[Opening Dataset records section]

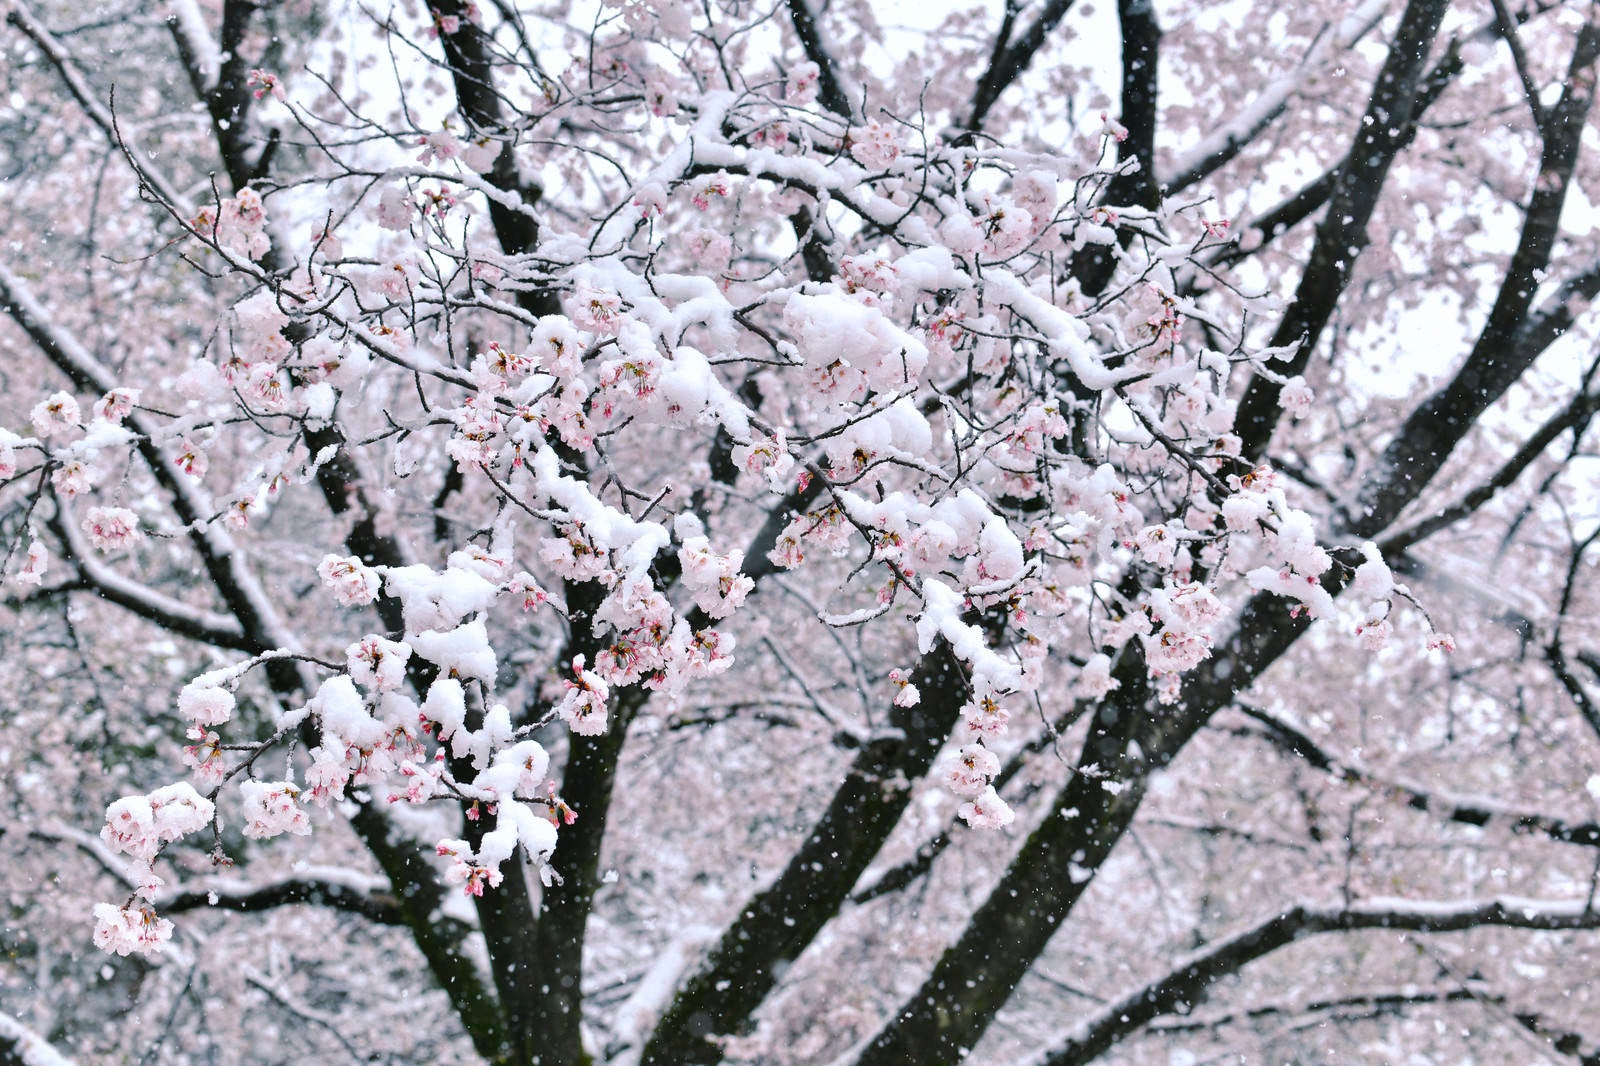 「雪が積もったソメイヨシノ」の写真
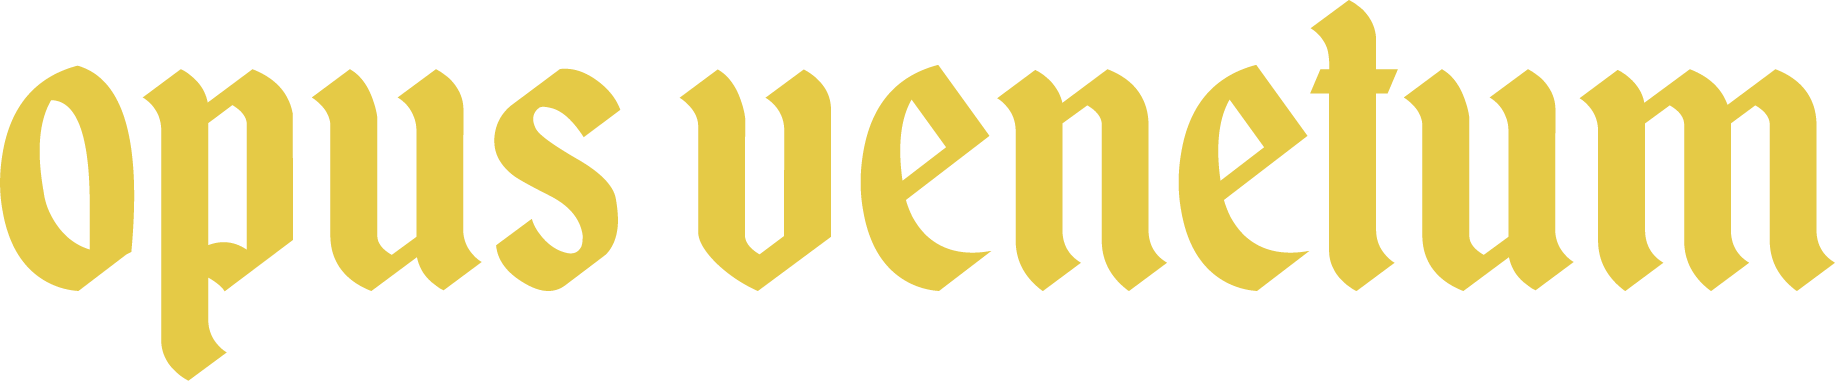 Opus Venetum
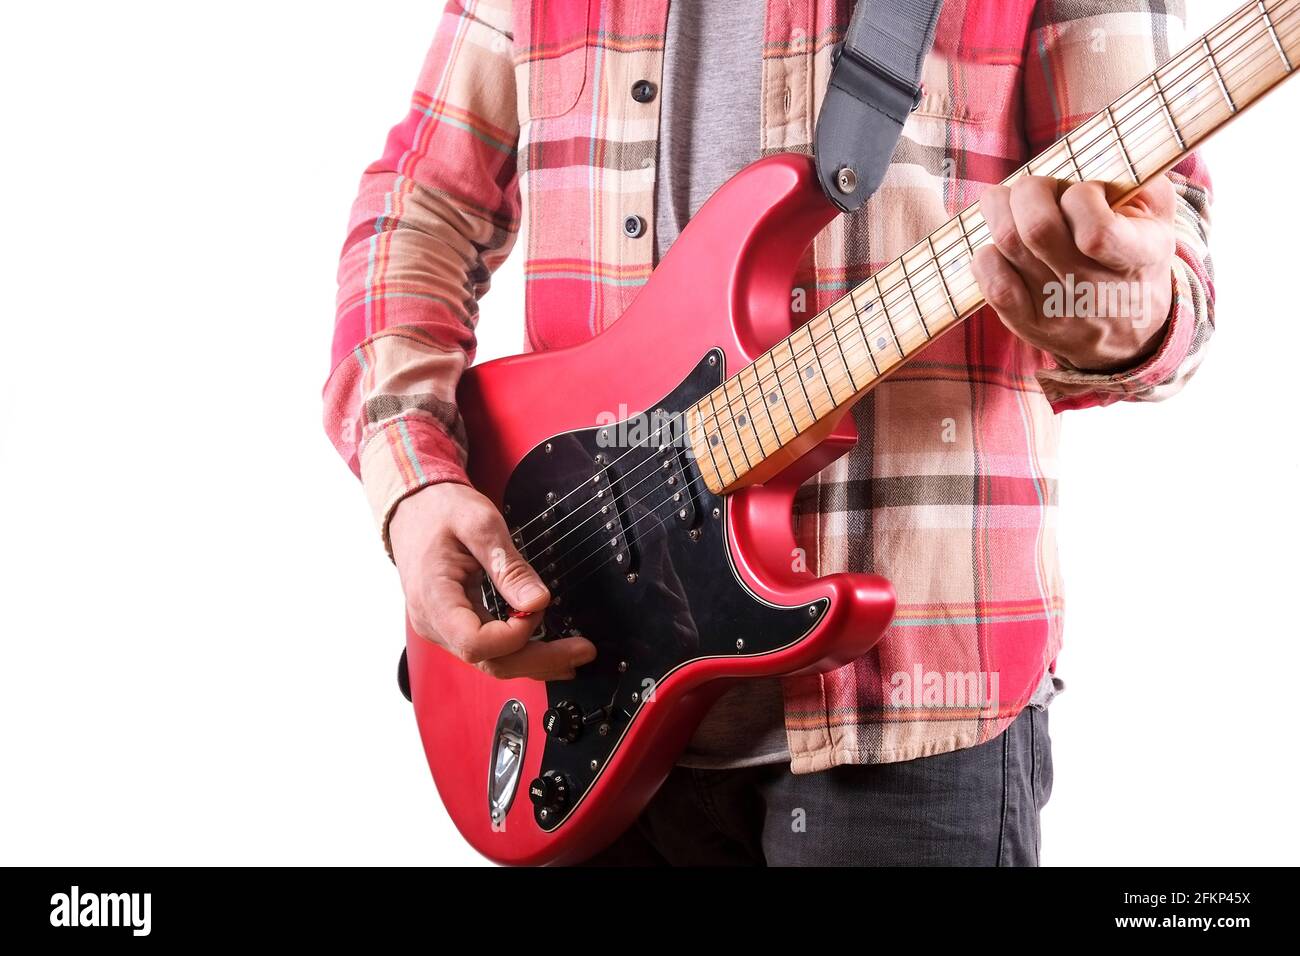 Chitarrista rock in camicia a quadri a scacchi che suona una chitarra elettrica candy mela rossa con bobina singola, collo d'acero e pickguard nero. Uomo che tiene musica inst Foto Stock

[Closing Dataset records section]
[Opening Dataset records section]

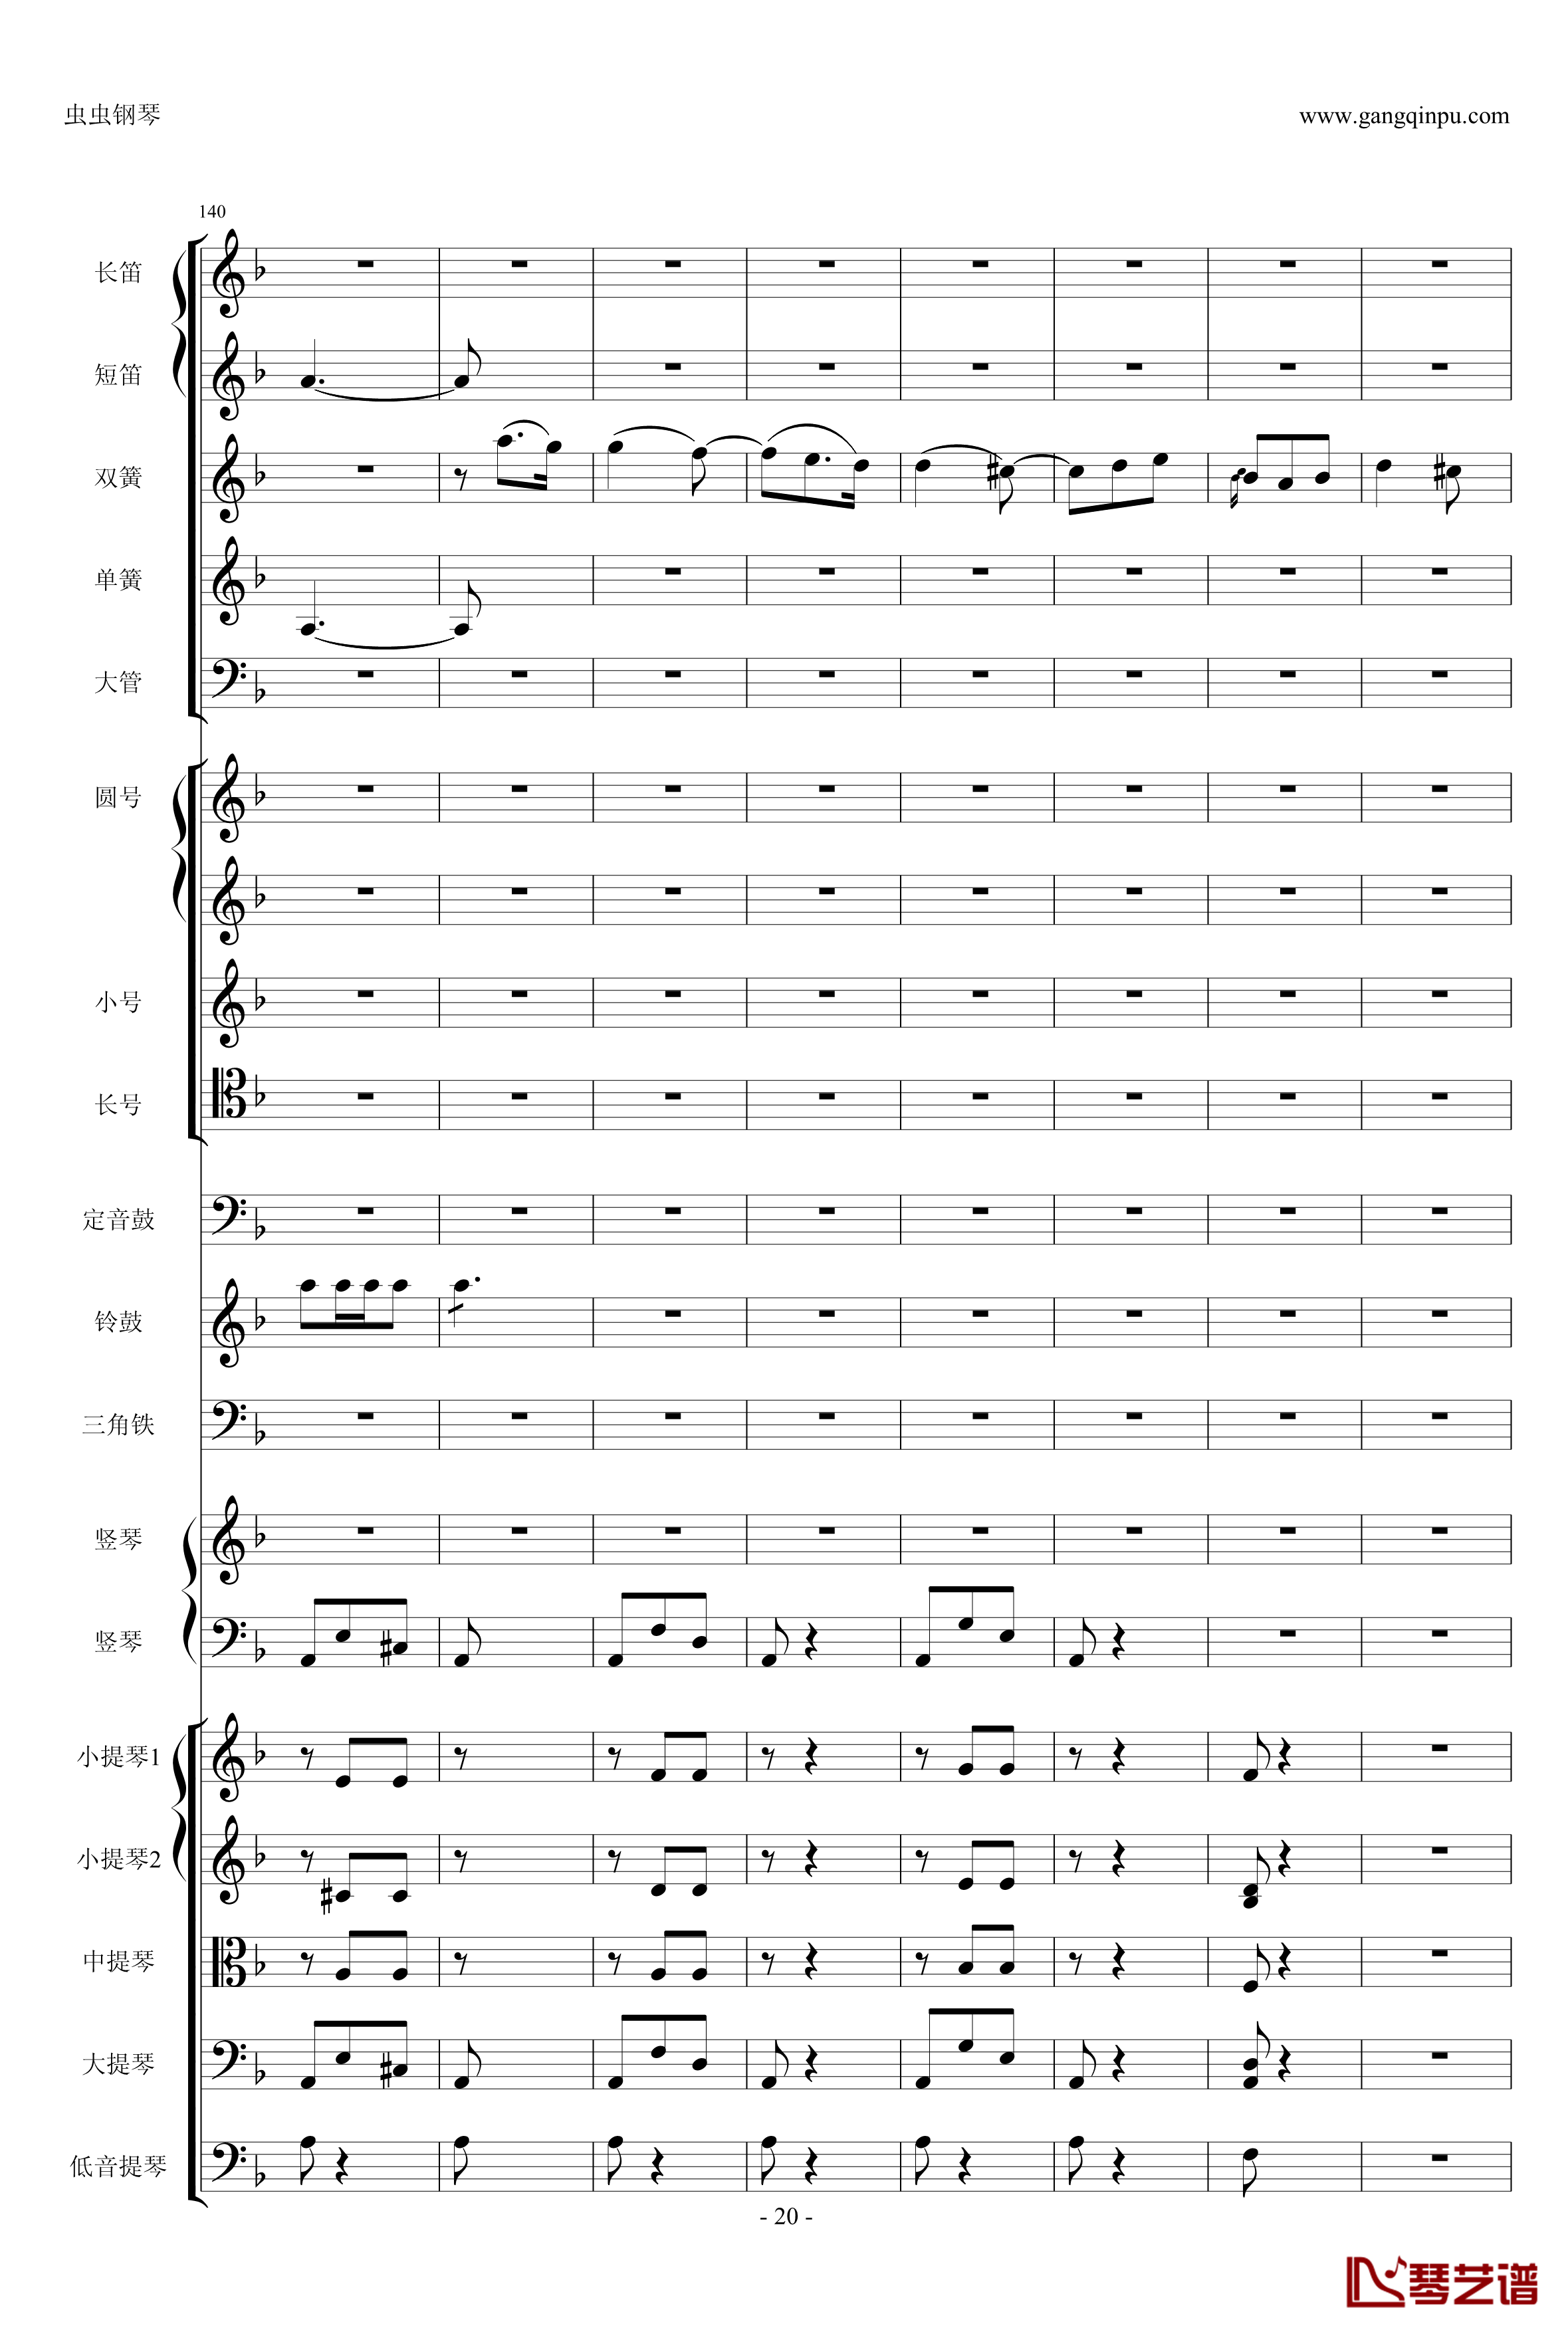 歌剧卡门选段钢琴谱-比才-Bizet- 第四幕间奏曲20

[Closing Dataset records section]

Assigned task: Print exactly, with no pictures, the lines above from the one that holds "Opus Venetum" through the one that holds "Chitarrista rock in", both of them included.

Solved problem:
 Opus Venetum
 Chitarrista rock in camicia a quadri a scacchi che suona una chitarra elettrica candy mela rossa con bobina singola, collo d'acero e pickguard nero. Uomo che tiene musica inst Foto Stock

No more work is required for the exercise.